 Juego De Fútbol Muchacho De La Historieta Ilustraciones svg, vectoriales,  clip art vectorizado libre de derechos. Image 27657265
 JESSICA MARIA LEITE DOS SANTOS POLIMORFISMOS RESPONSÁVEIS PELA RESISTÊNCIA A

────────────────────

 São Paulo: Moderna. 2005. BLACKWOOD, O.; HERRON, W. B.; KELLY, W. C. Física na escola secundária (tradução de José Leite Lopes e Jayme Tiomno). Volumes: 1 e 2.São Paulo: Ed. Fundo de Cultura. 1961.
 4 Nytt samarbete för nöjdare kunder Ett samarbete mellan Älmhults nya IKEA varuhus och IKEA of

────────────────────

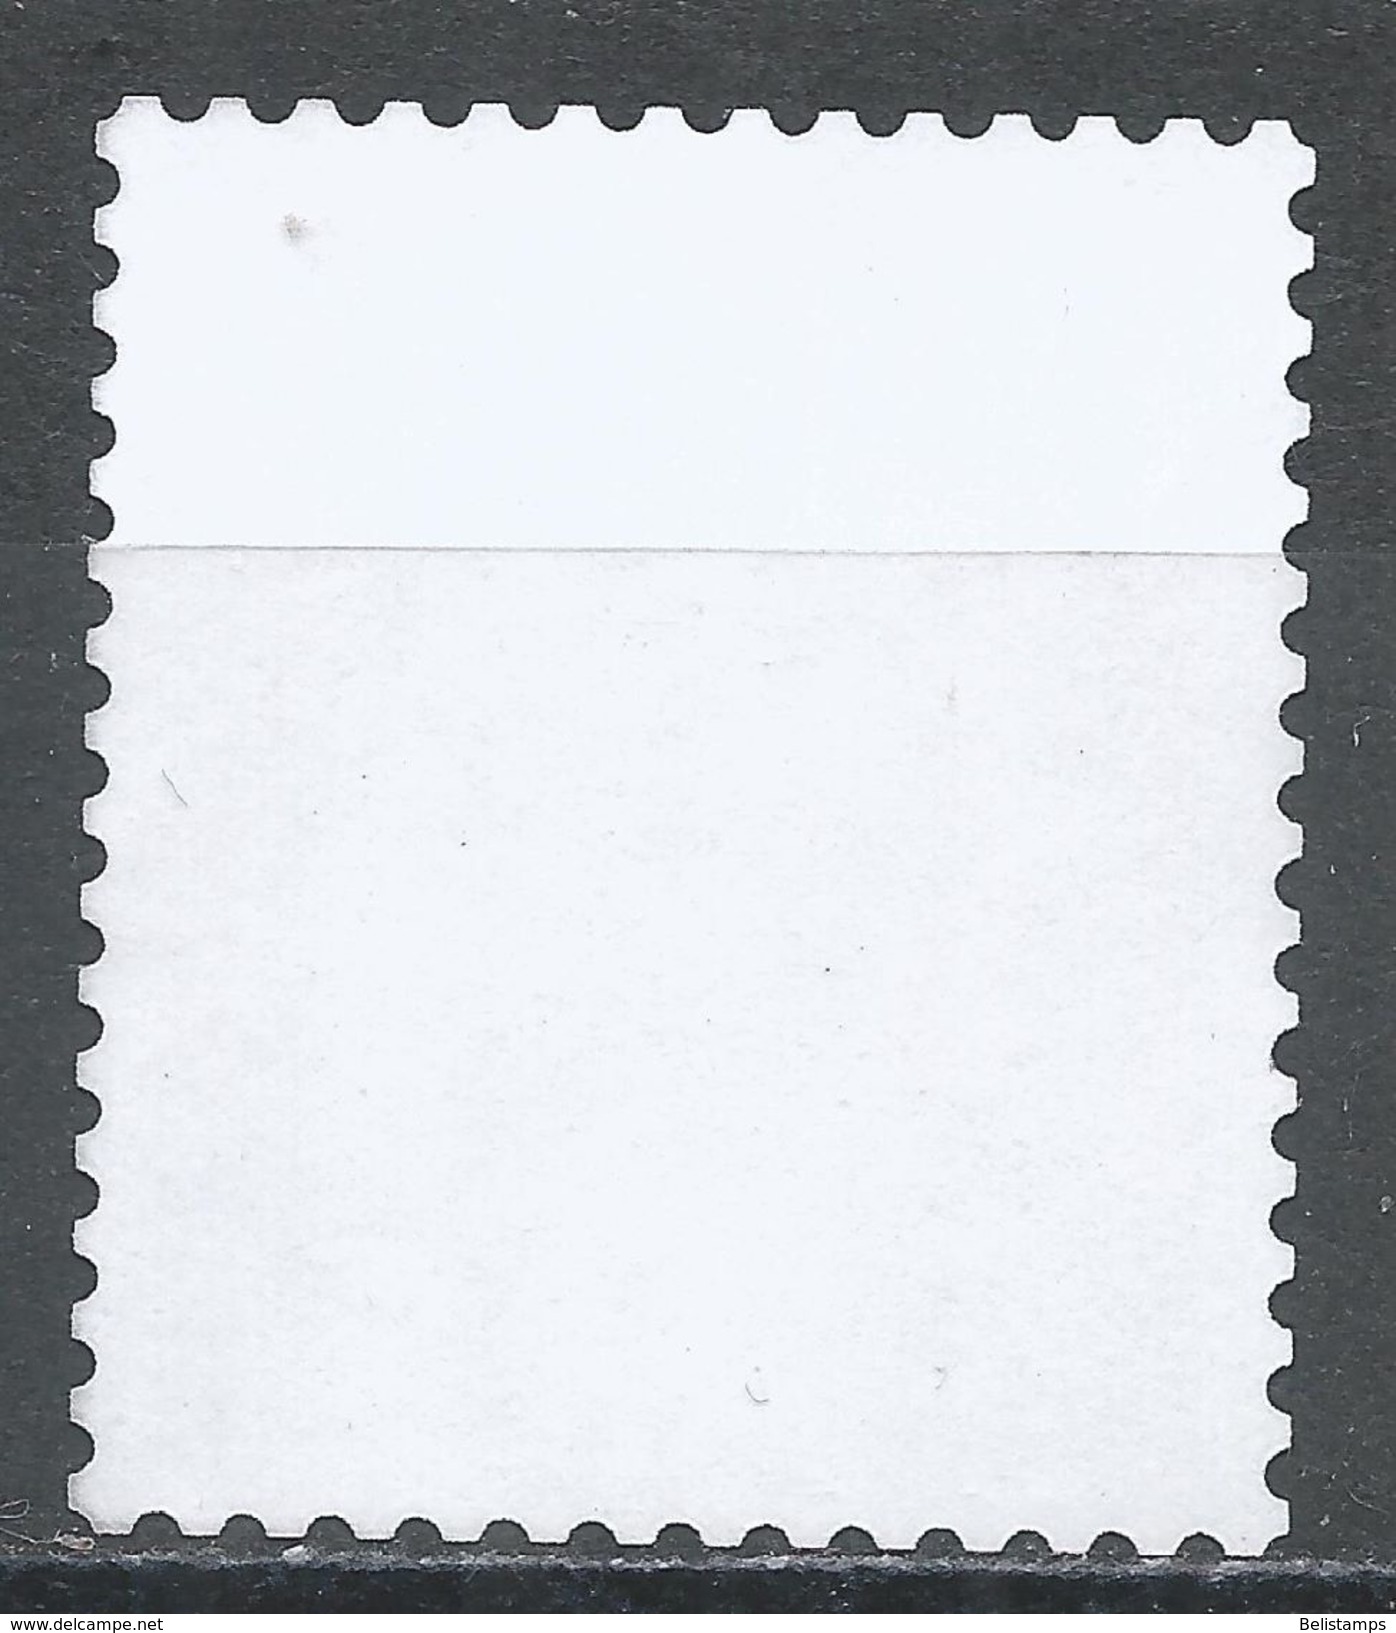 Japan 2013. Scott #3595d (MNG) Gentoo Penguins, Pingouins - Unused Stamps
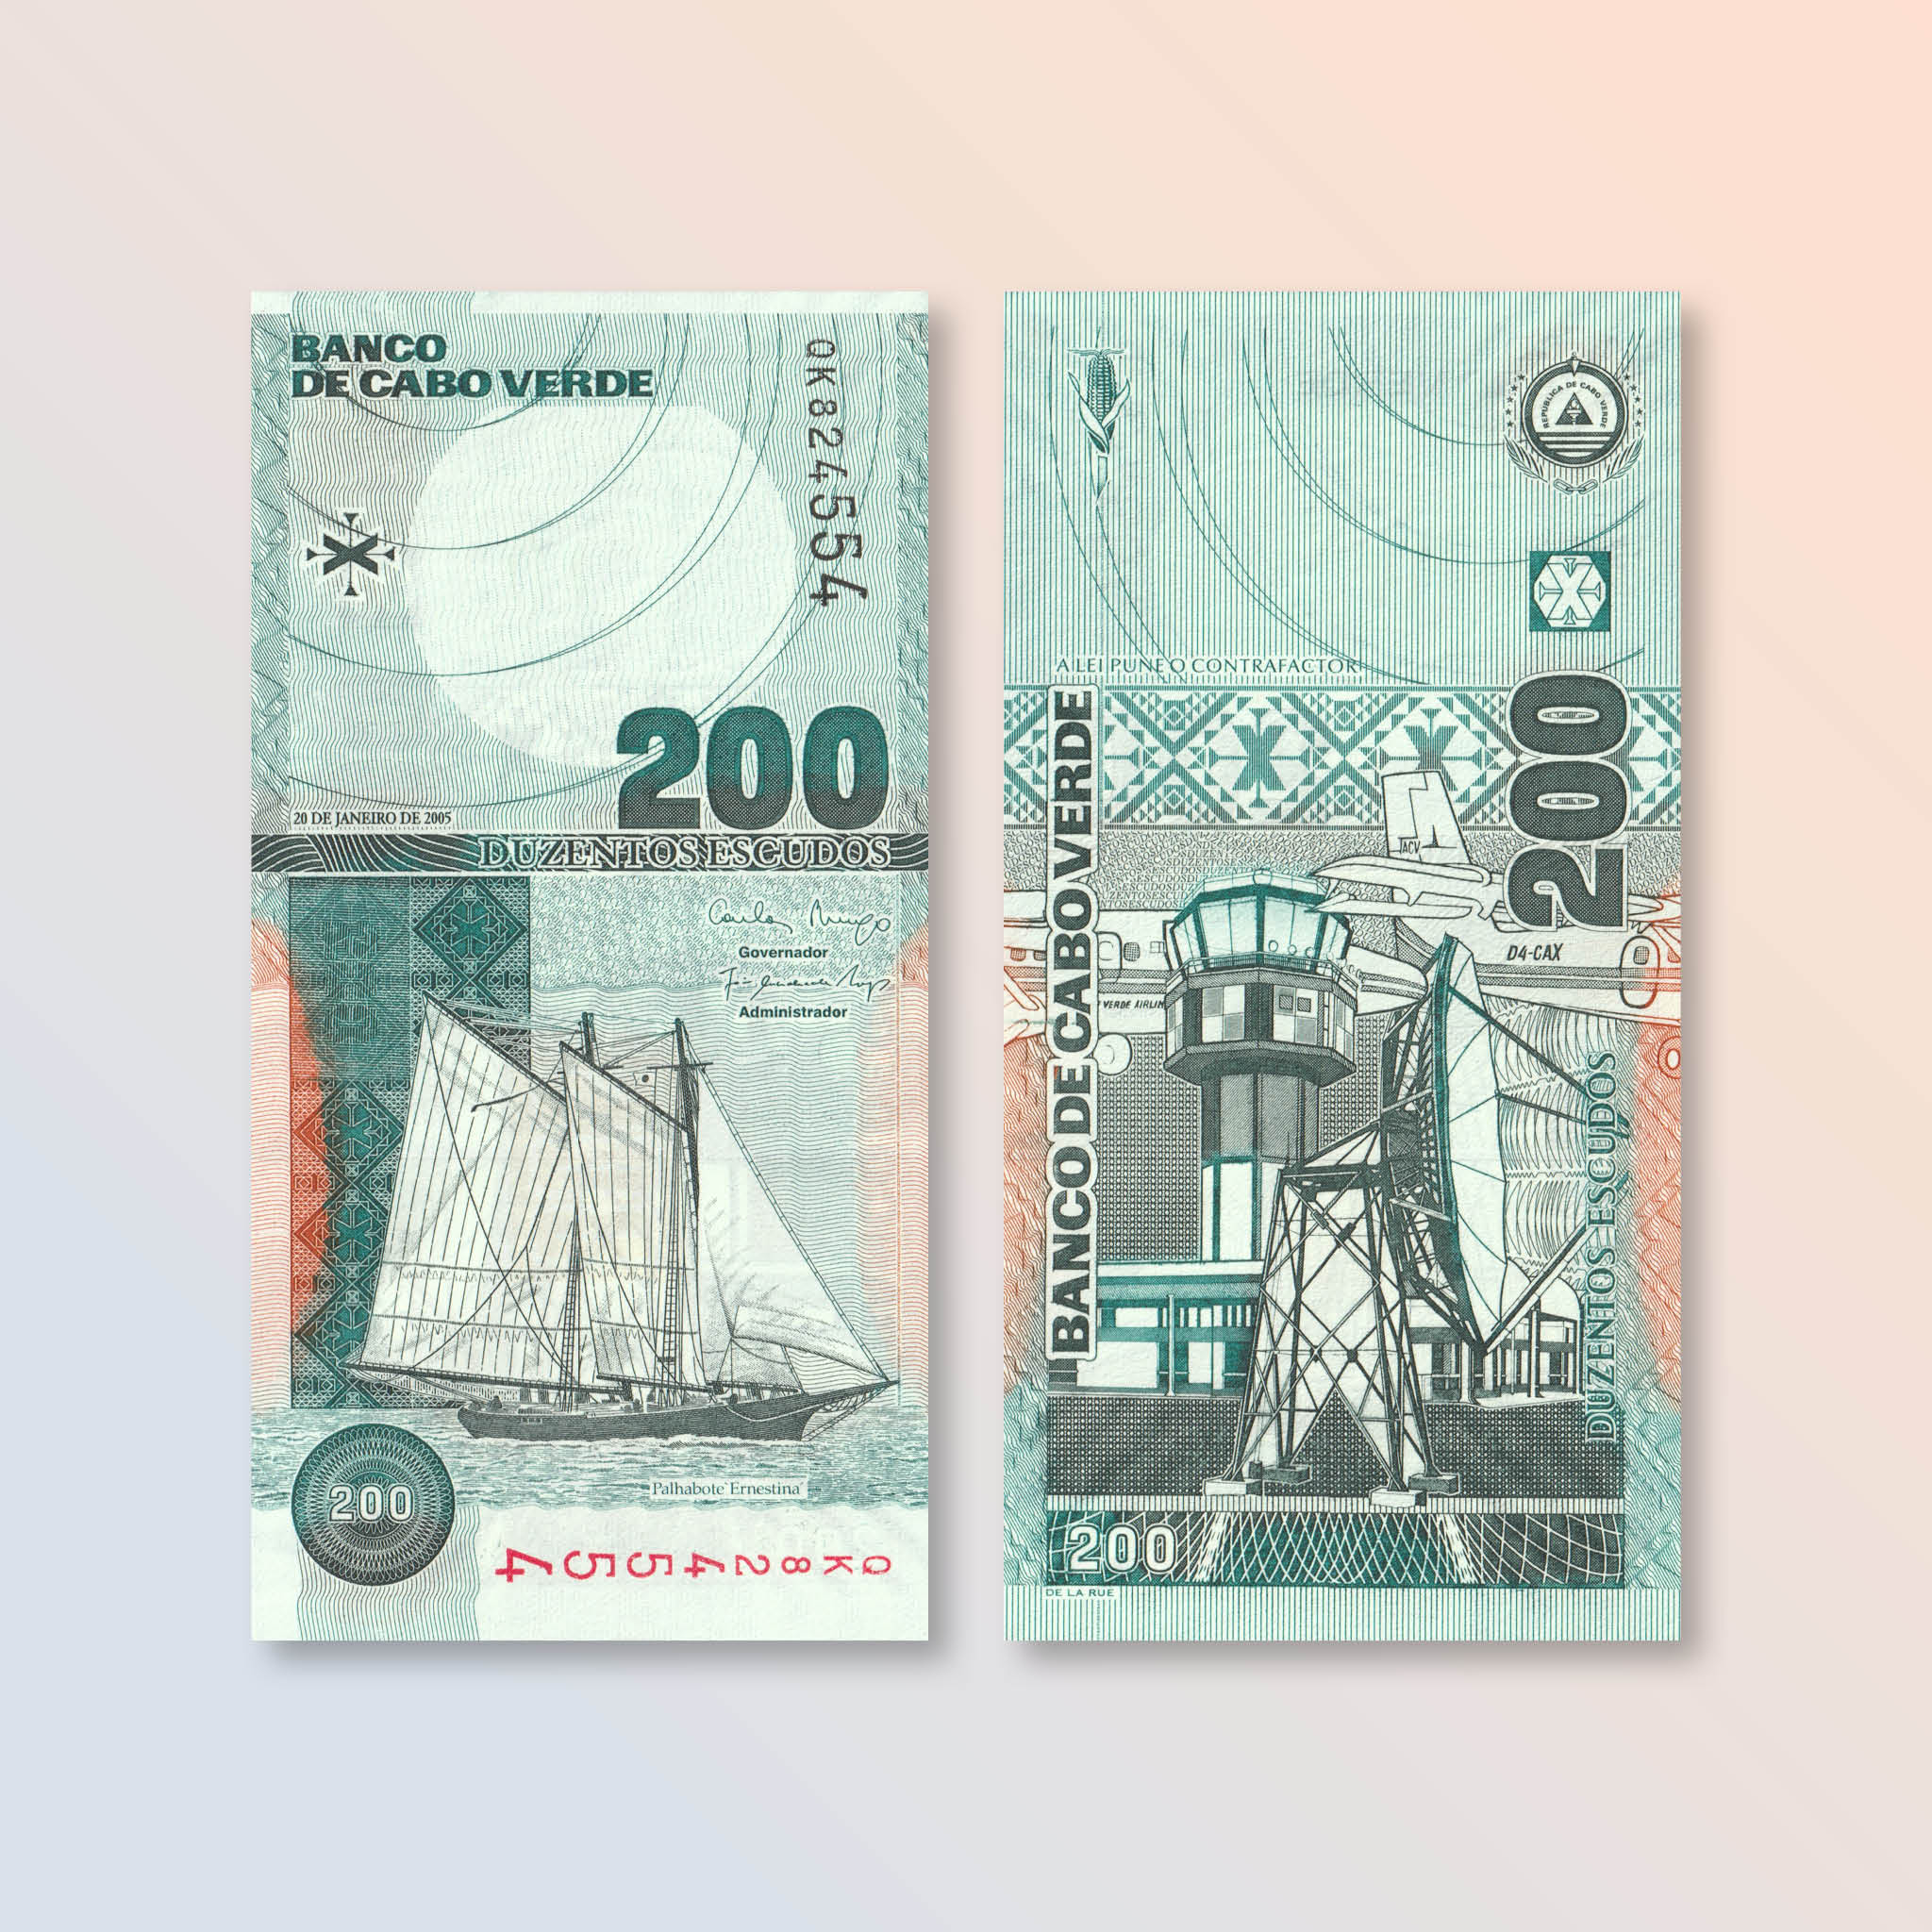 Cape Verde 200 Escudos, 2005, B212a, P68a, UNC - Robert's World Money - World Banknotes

────────────────────

→ **WORK TO BE COMPLETED**:
Among the entries above, find the line with "Juego De Fútbol" and the line with "JESSICA MARIA LEITE"; give again exactly these two lines and all lines between them.

→ **ANSWER FOR THIS EXERCISE**:
 Juego De Fútbol Muchacho De La Historieta Ilustraciones svg, vectoriales,  clip art vectorizado libre de derechos. Image 27657265
 JESSICA MARIA LEITE DOS SANTOS POLIMORFISMOS RESPONSÁVEIS PELA RESISTÊNCIA A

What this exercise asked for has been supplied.